At the 5% significance level: - Population is not significant, as its p-value is 0.4352, which is greater than 0.05. - Zone is significant, as its p-value is 0.0392, which is less than 0.05. - The interaction term is not significant, as its p-value is 0.9755, which is much greater than 0.05. The adjusted R-squared of the model is 0.4786, meaning that about 47.86% of the variability in incidents is explained by the model after accounting for the number of predictors. This suggests a moderate fit, although adding the interaction term does not improve significance.
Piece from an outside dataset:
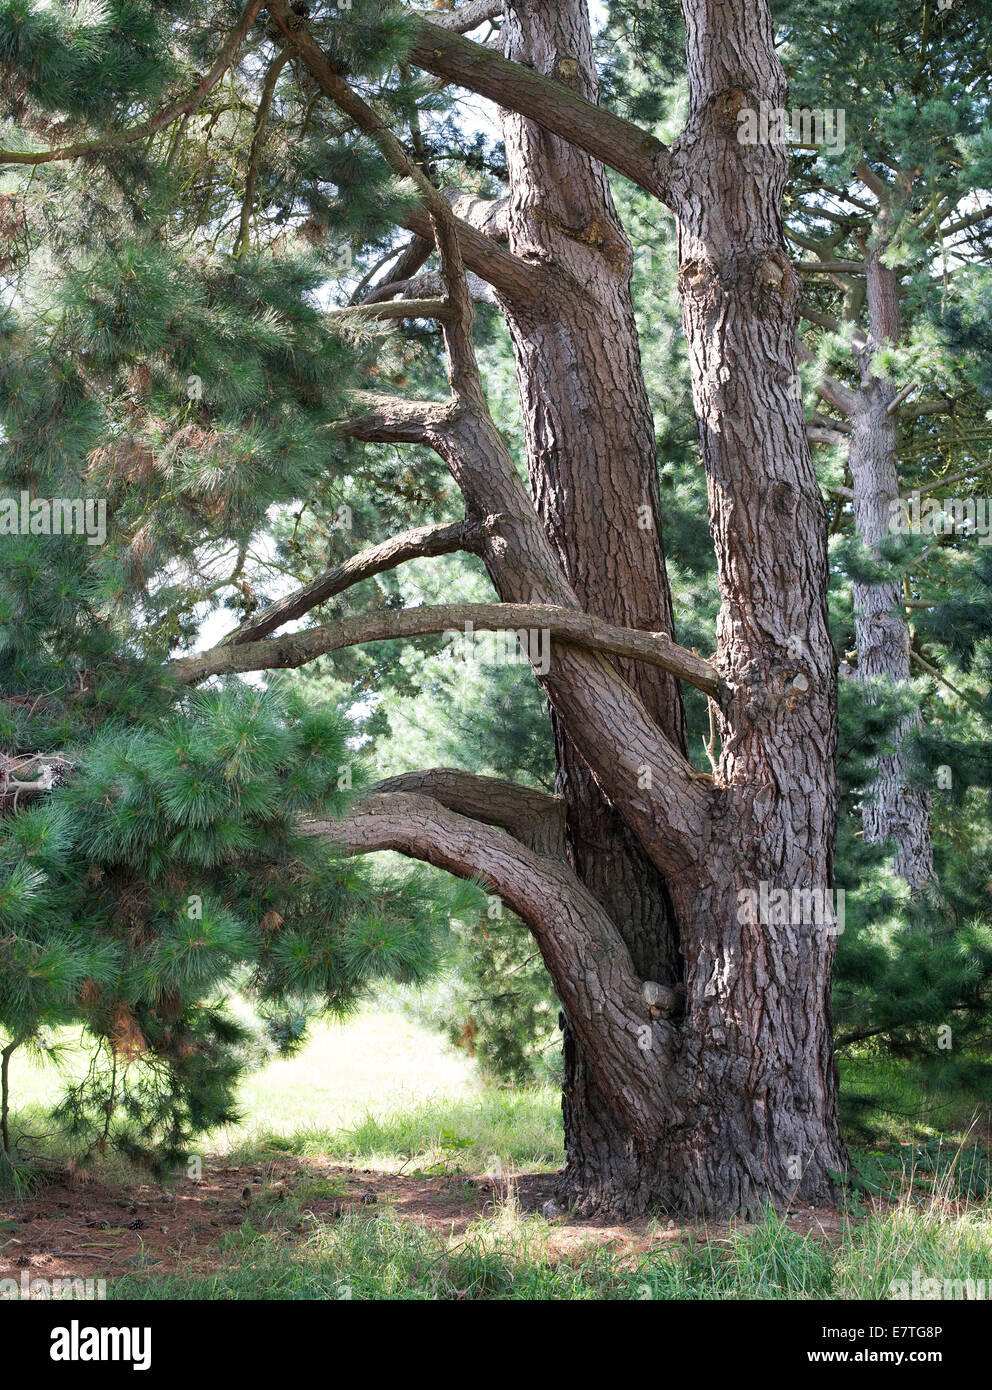 Pinus Sylvestris. Scots pine tree in the English countryside Stock Photo
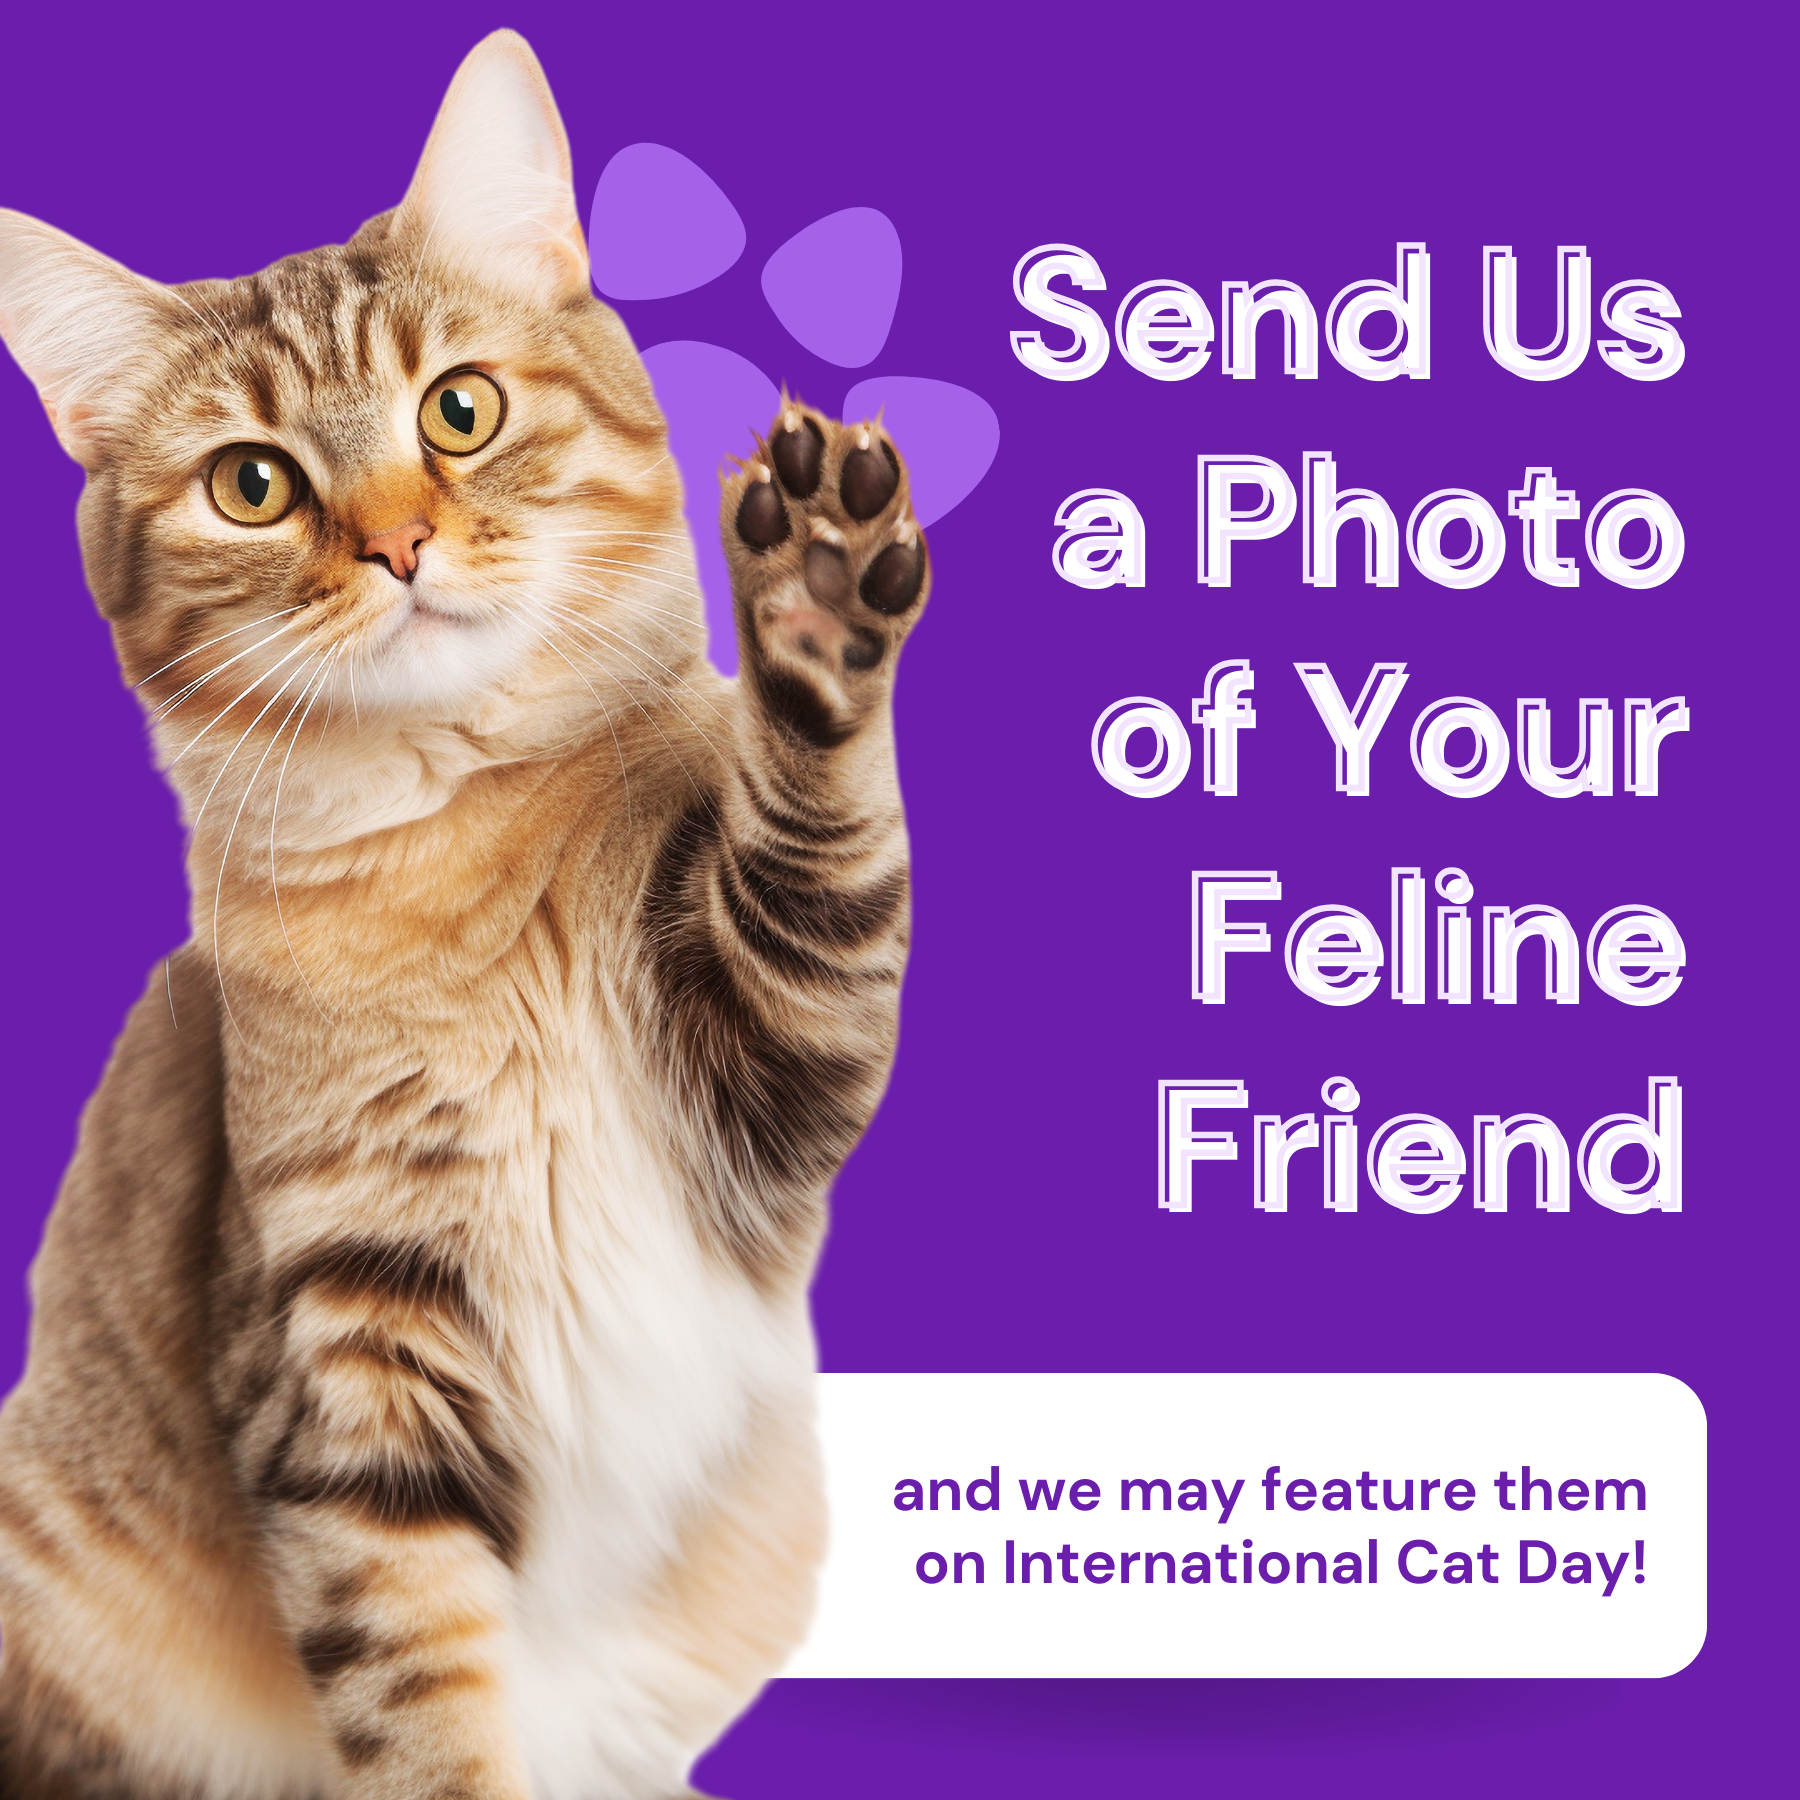 Send Us a Photo of Your Feline Friend

Let us now run a model where the only feature is the interaction term.
reg.fit4<-lm(regression1$incidents~interaction)
summary(reg.fit4)
Call:
lm(formula = regression1$incidents ~ interaction)
Residuals:
Min 1Q Median 3Q Max
-650.28 -301.09 -83.71 123.23 1103.76
Coefficients:
Estimate Std. Error t value Pr(>|t|)
(Intercept) 4.951e+02 1.320e+02 3.751 0.00215 **
interaction 1.389e-04 4.737e-05 2.932 0.01093 *
---
Signif. codes: 0 ‘***’ 0.001 ‘**’ 0.01 ‘*’ 0.05 ‘.’ 0.1 ‘ ’ 1
Residual standard error: 451.9 on 14 degrees of freedom
Multiple R-squared: 0.3804, Adjusted R-squared: 0.3361
F-statistic: 8.595 on 1 and 14 DF, p-value: 0.01093
Is the interaction term significant at a 5% significance level? What is the adjusted-R squared of the model?
At the 5% significance level, the interaction term is significant because its p-value is 0.01093 which is less than 0.05. The adjusted R-squared value of the model is 0.3361, meaning that about 33.61% of the variability in incidents is explained by the model after accounting for the number of predictors.
Which of the models run above would you choose to make predictions? Why??
Model 2 (reg.fit2) would be the best choice for making predictions. This model includes both zone and population as predictors, with zone being statistically significant at the 5% significance level. It also has the highest adjusted R-squared value (0.5186) among all models, indicating a better fit to the data. Furthermore, the overall model is statistically significant (p-value = 0.003404), meaning it provides a more reliable framework for predicting incidents compared to the other models, where key predictors were not significant.